Flux jumps and vortex pinning in Ba$_{0.65}$Na$_{0.35}$Fe$_2$As$_2$ single crystals

TL;DR

This study investigates flux jumps and vortex pinning in Ba$_{0.65}$Na$_{0.35}$Fe$_2$As$_2$ single crystals, revealing high critical current densities and complex flux dynamics influenced by pinning mechanisms and creep phenomena.

Contribution

It provides detailed experimental analysis of vortex behavior, flux jumps, and pinning mechanisms in this superconductor, highlighting the role of microscopic defects and creep effects.

Findings

High critical current density (~10^6 A/cm^2) due to collective pinning.

Flux jumps depend on temperature and field sweep rate, with flux creep enhancing stability.

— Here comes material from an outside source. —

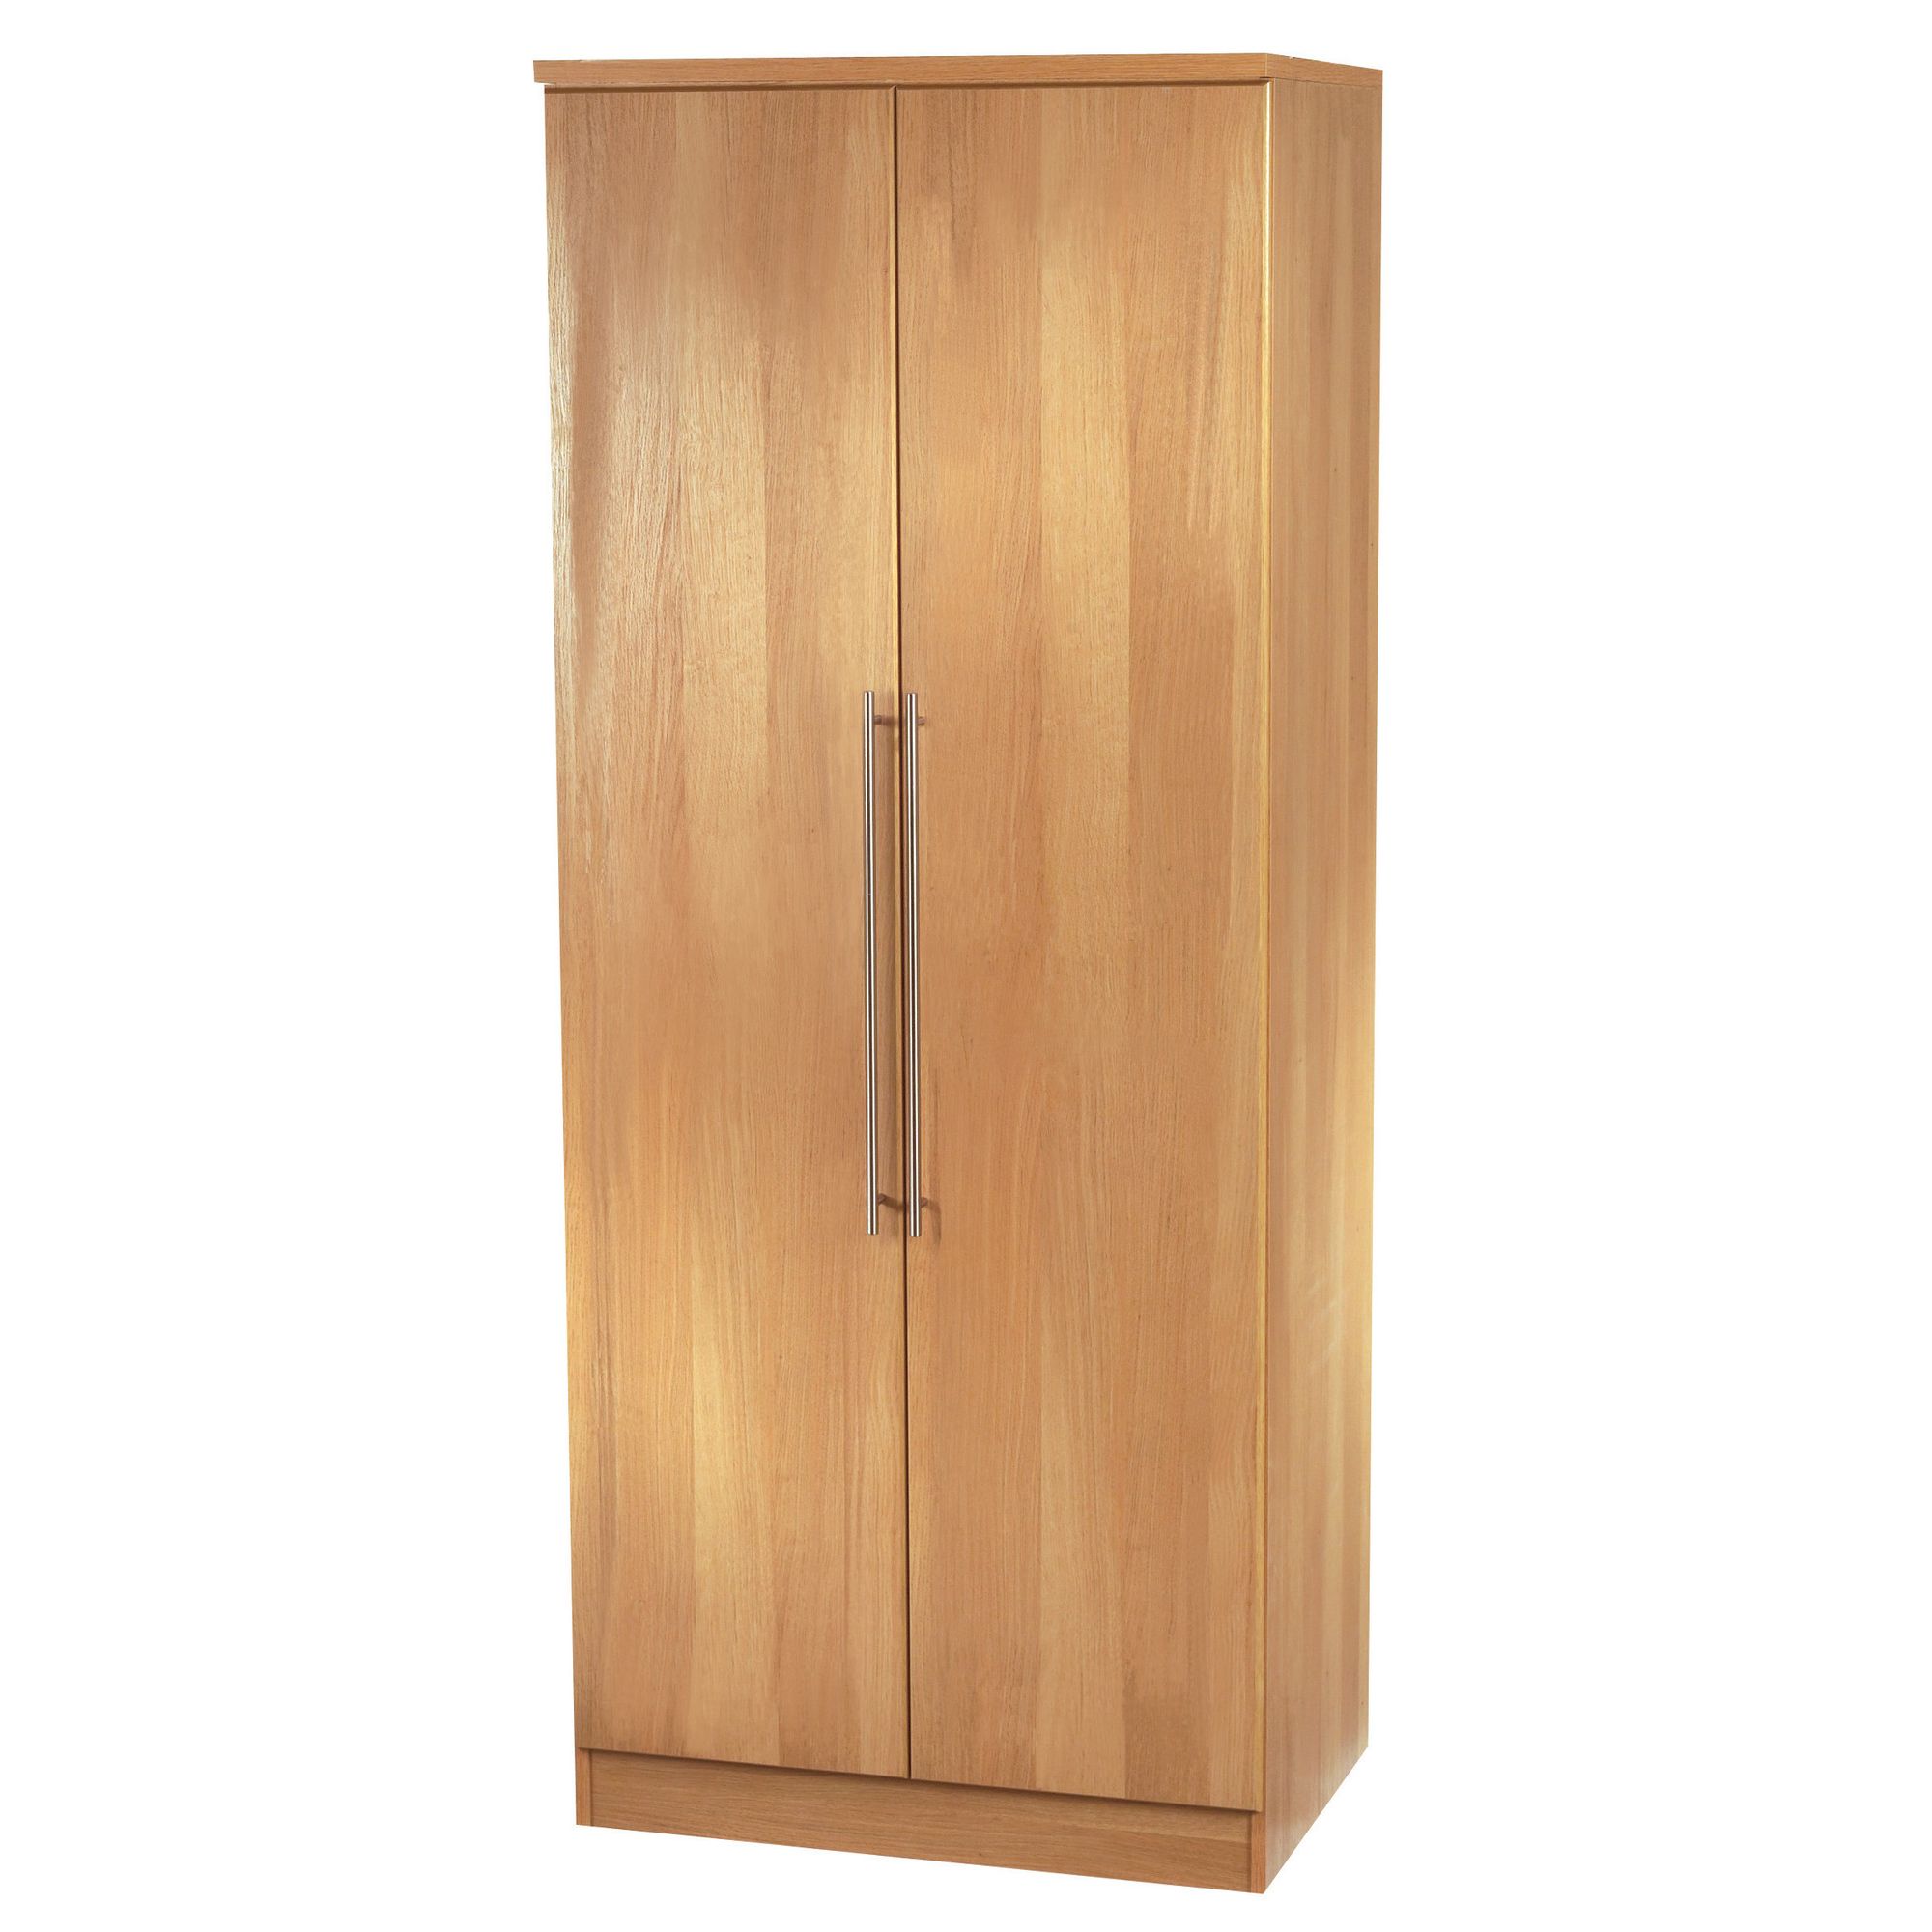 Welcome Furniture Sherwood 76.2 cm Plain Midi Wardrobe - Maple at Tesco Direct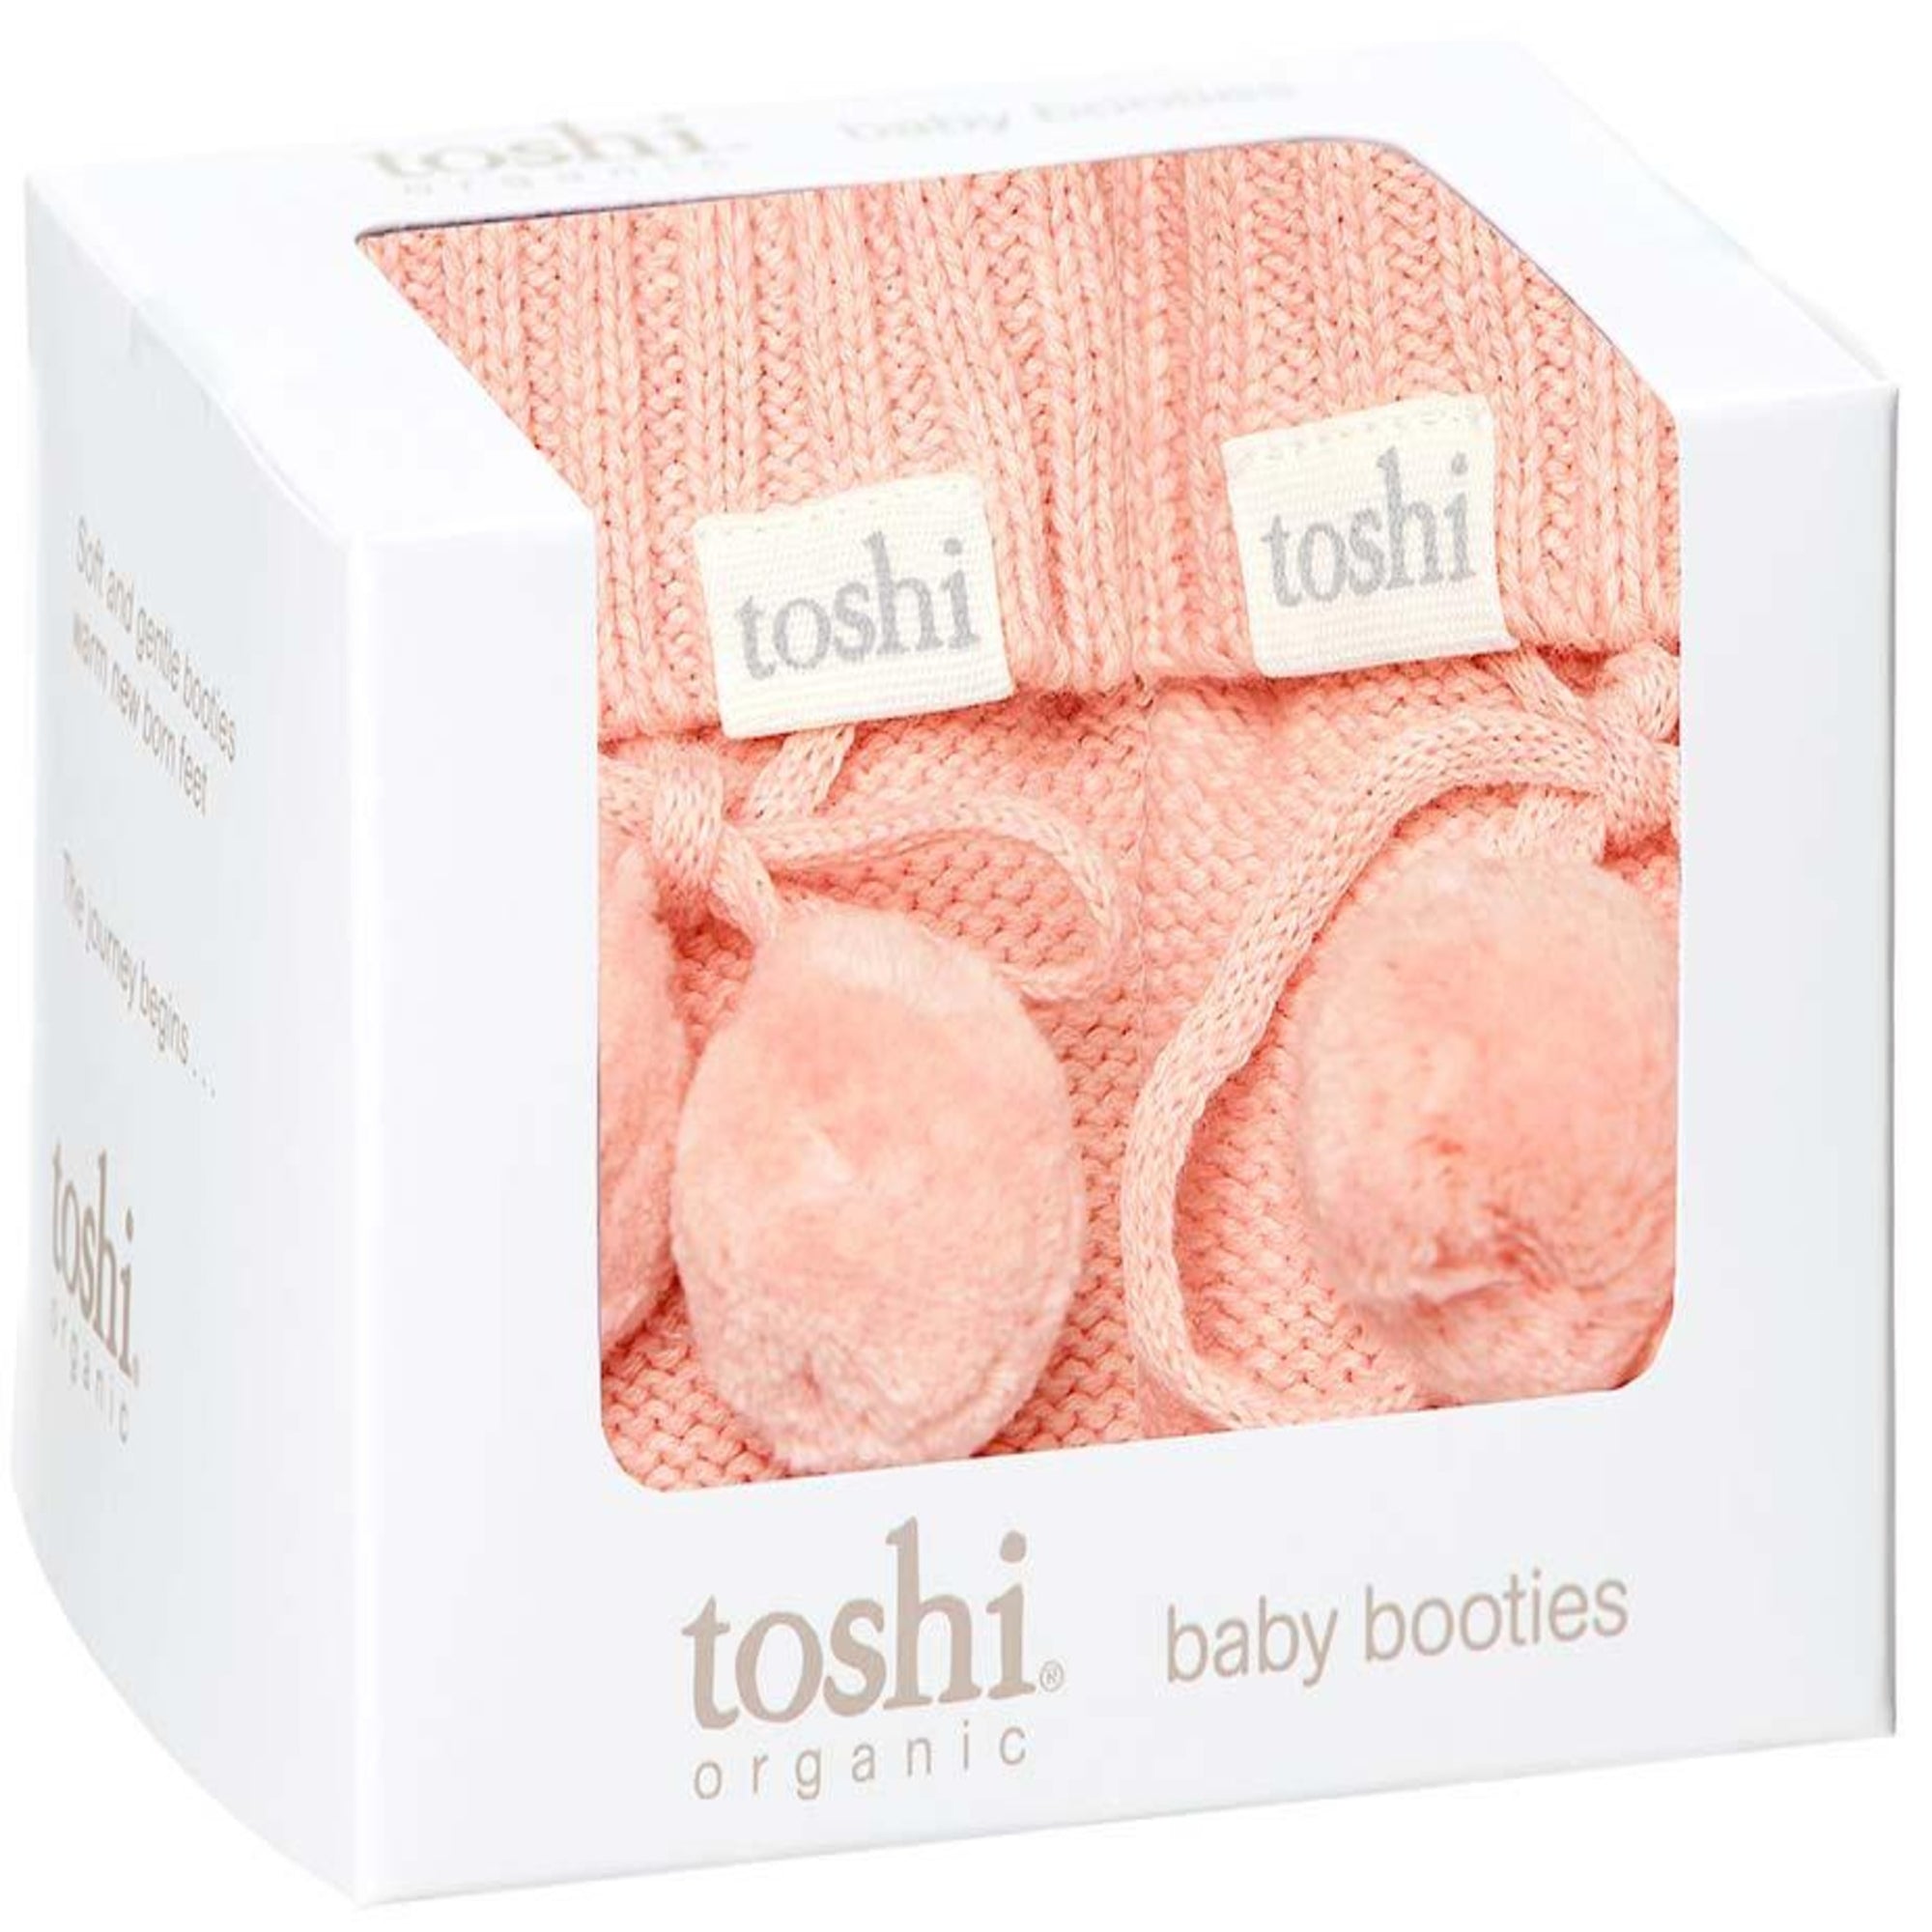 Toshi Organic Booties Marley-Blossom

Second peak in magnetization linked to crossover in creep dynamics.

Abstract

In this work we present the results of the bulk magnetization measurements in a superconducting state of single crystals of Ba$_{0.65}$Na$_{0.35}$Fe$_2$As$_2$. The isothermal magnetic field ($H||c$ axis) dependent magnetization ($M$) loops exhibit a second peak (SP) or `fishtail effect', as well as remarkable flux jumps at low temperatures. The critical current density $J_c$ obtained from the $M(H)$ loops is rather high, of the order of 10$^6$ A/cm$^2$. The analysis of the temperature and field dependent $J_c$ implies that high $J_c$ is mainly due to collective (weak) pinning of vortices by dense microscopic point defects with some contribution from a strong pinning mechanism. Pronounced magnetic instabilities in terms of flux jumps depend strongly on temperature as well on the field sweep rate. The field for first flux jump as calculated from an adiabatic model, however, is much lower than the experimentally observed values, and this enhanced stability is attributed to a flux creep phenomenon. The analysis of field dependent magnetic relaxation data additionally supports a collective pinning model. The data further suggests that SP in M(H) is likely related to crossover in creep dynamics from elastic to plastic mechanism. We have constructed the vortex phase diagram on field-temperature plane.